I was under the impression (from some posts I saw in the Genius Bar here) that one had to reformat the drive to something else to use it externally on the new Intel Macs, but I could be wrong.

chucker
2006-07-19, 16:09
Oh, you're thinking of GPT (on Intel) vs. APM (on PowerPC)? As of 10.4.3 (10.4.4?), Mac OS X can read and write both partition formats. However, PowerPC-based Macs can only boot off APM, and while Intel-based Macs can technically boot off both, Apple advises against this, and makes it hard to set that up.

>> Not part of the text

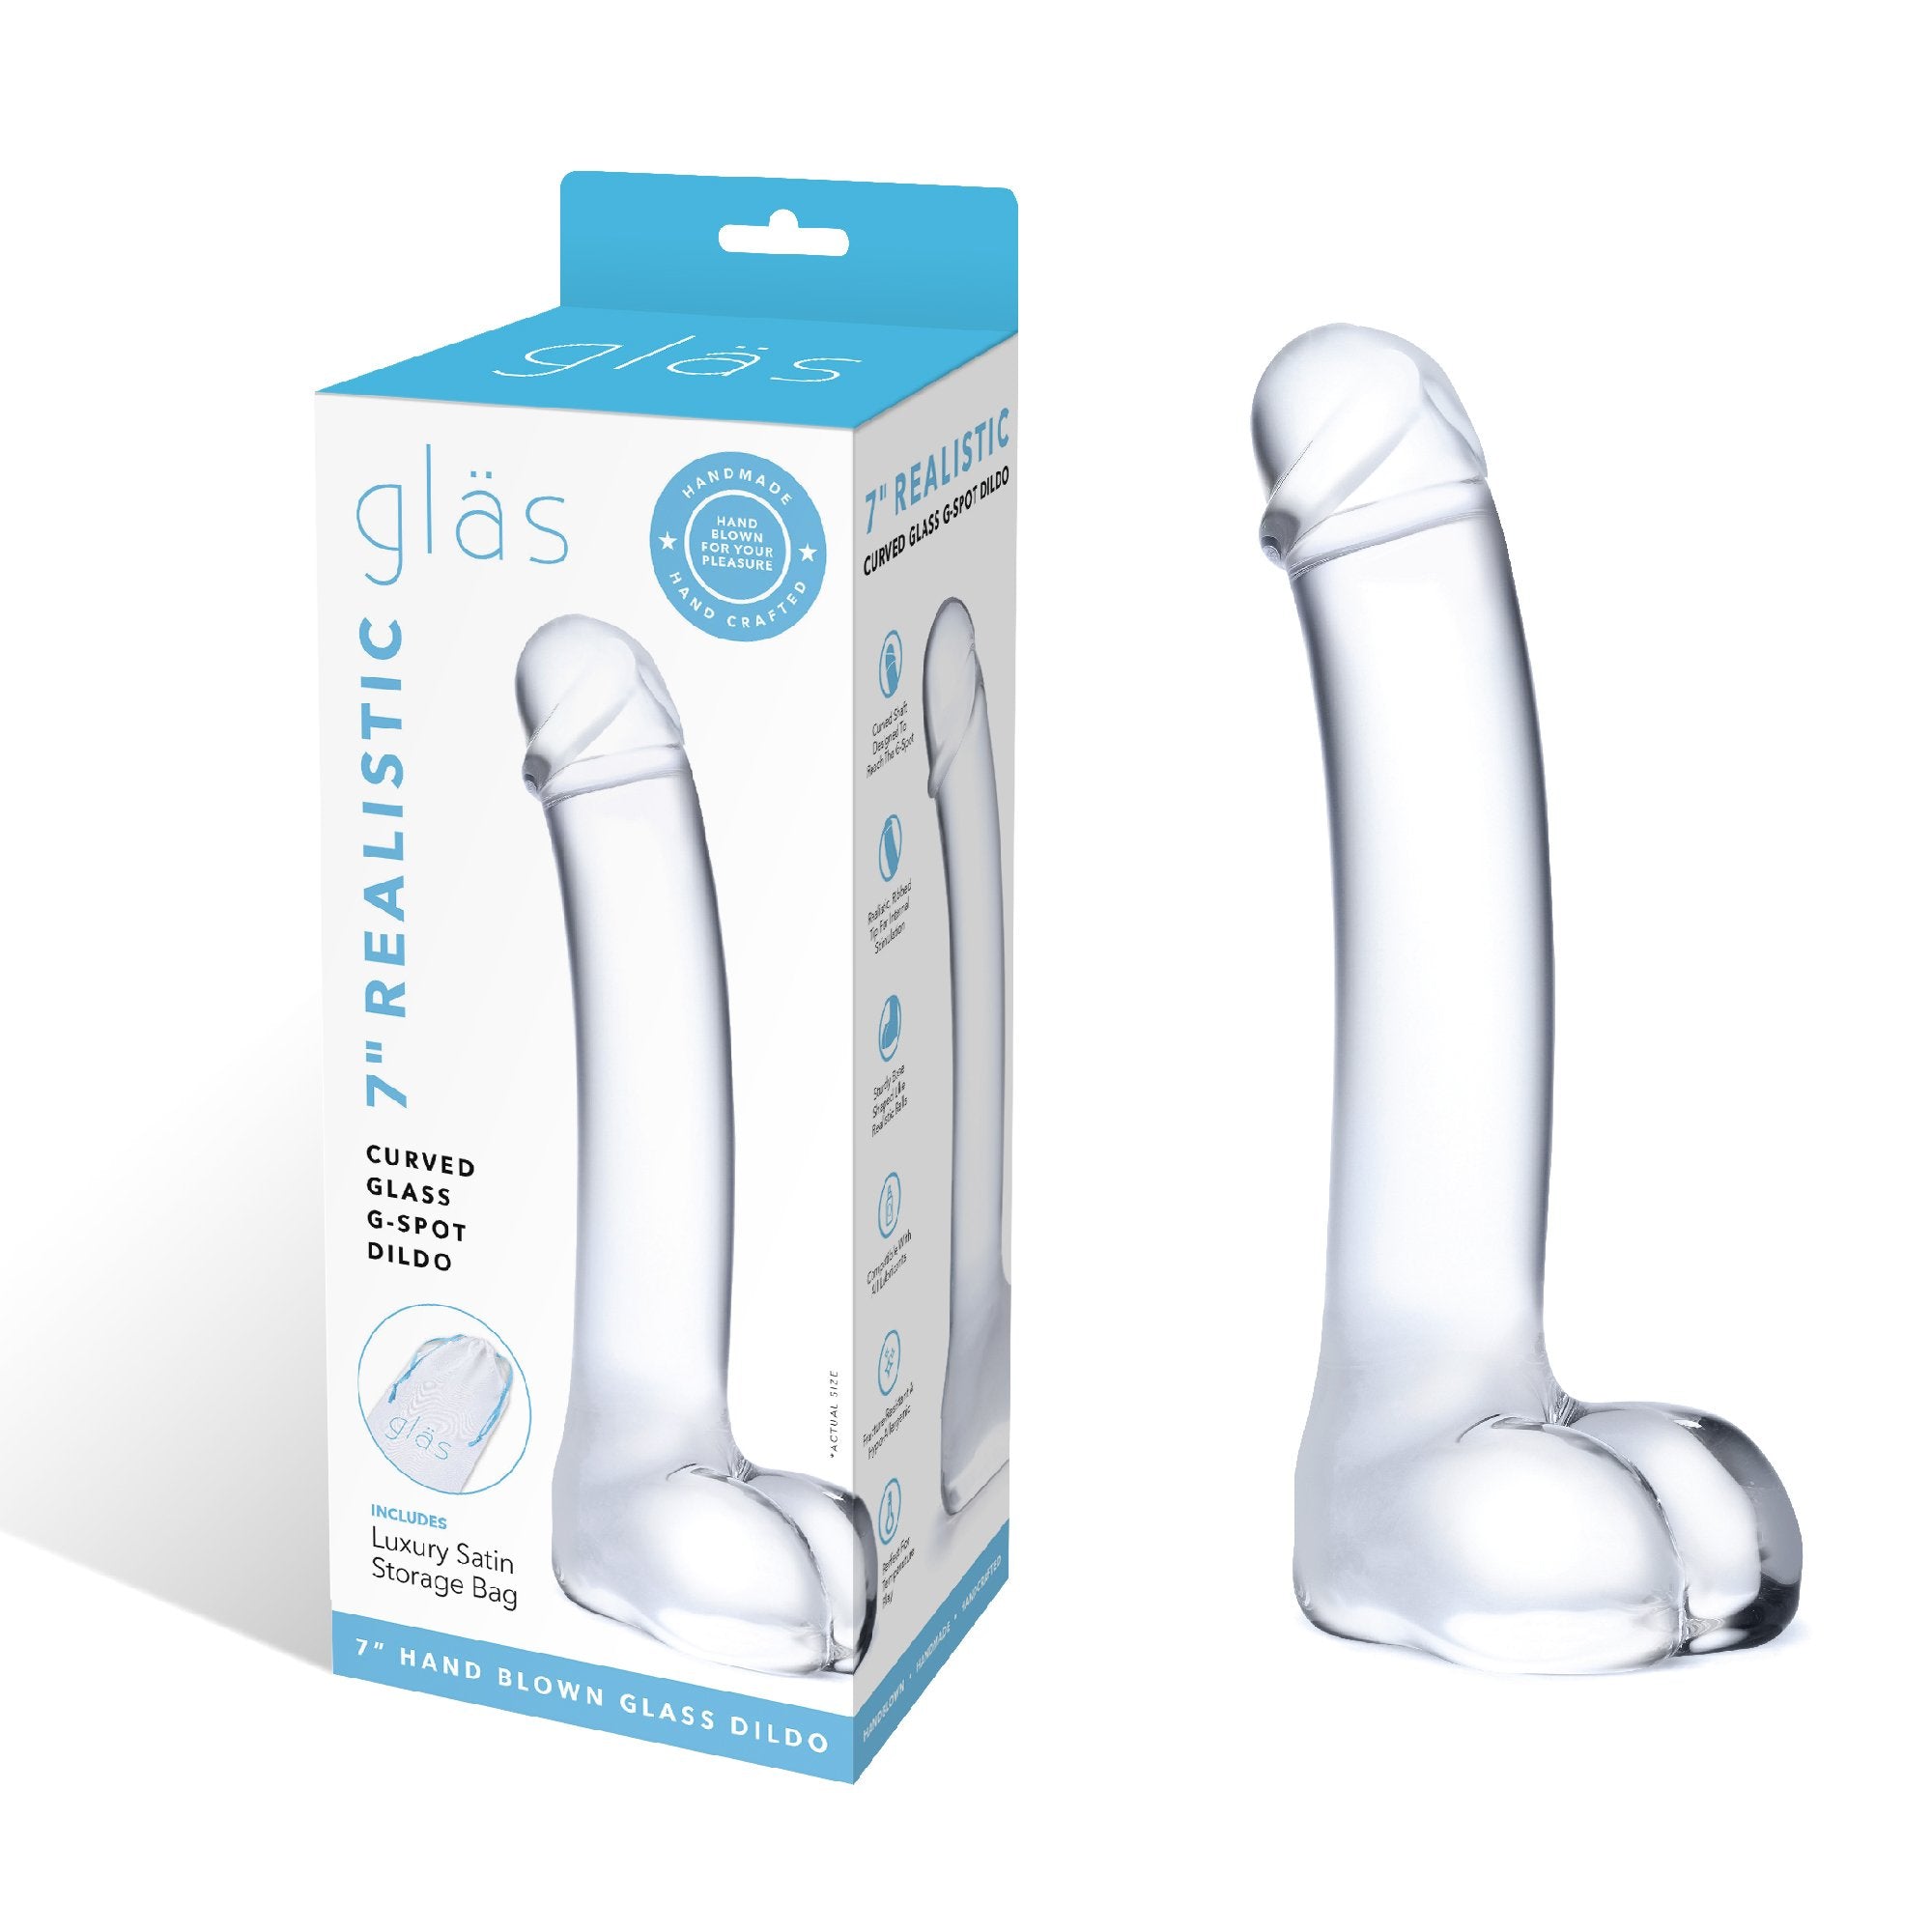 Packaging of the Gläs 7 inch Realistic Curved Glass G-Spot Dildo

An iPod is best left with an MBR or APM table, not a GPT one.

ghoti
2006-07-19, 16:10
<smartass> HPFS? I doubt that. Windows doesn't even support that any more, and Mac OS never has. </smartass>
Well whatever the stupid Mac file system is ;) HFS+ or sumpin'

josephhubbard
2006-07-19, 16:41
ha...i'm glad I spawned some good discussion. that was purely a mistake when I typed 'pentium' instead of 'intel'.

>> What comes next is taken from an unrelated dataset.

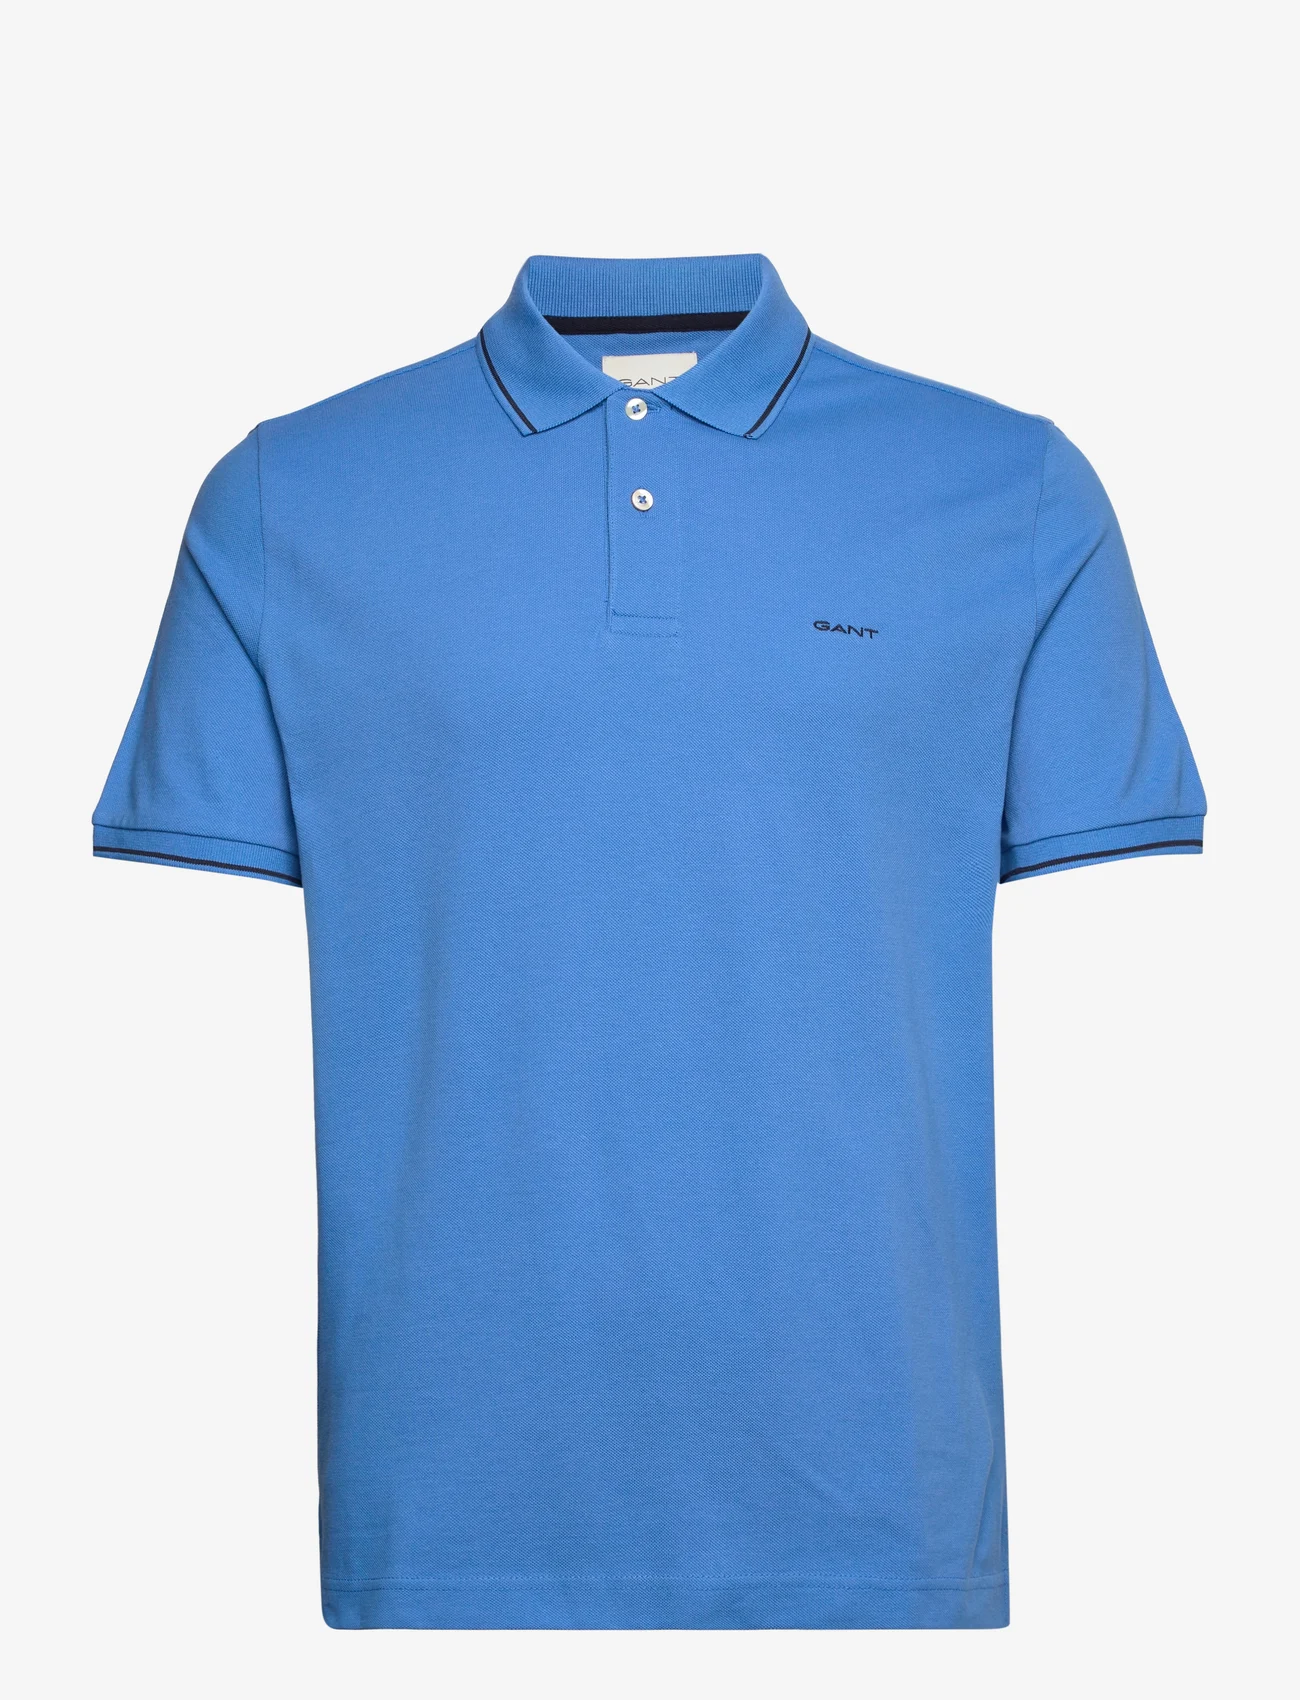 GANT - TIPPING SS PIQUE POLO - short-sleeved polos - day blue - 0

it's a 2002 933mhz, so the 125 limit shouldn't be a problem. i'm eyeballing some 250 gig drives from OWC...I think I'll take PB PM's suggestion and turn it into an external later. thanks for all the help! best i've gotten on this site I think...

Boomerangmacuser
2006-07-19, 23:01
FWIW I also recommend replacing the drive in your machine until it dies then pick up an external drive enclosure.

I just picked up a external drive; a Vantec NexStarhttp://www.vantecusa.com/product-storage.html# model NST-350UF. It takes 3.5" IDE drives (from my crapped out PC). It uses both FW and USB 2.0. It's fanless, the aluminum enclosure dumps the heat pretty well. I only wish it were easier to change the HDD's, I have a couple of old ones I'd like to swap around.

When I hooked it up to my Mac with an NTFS formatted drive in it, Spotlight even indexed it! OS X veterans may say "well duh, of course it indexes external drives" but as a newb, I was impressed.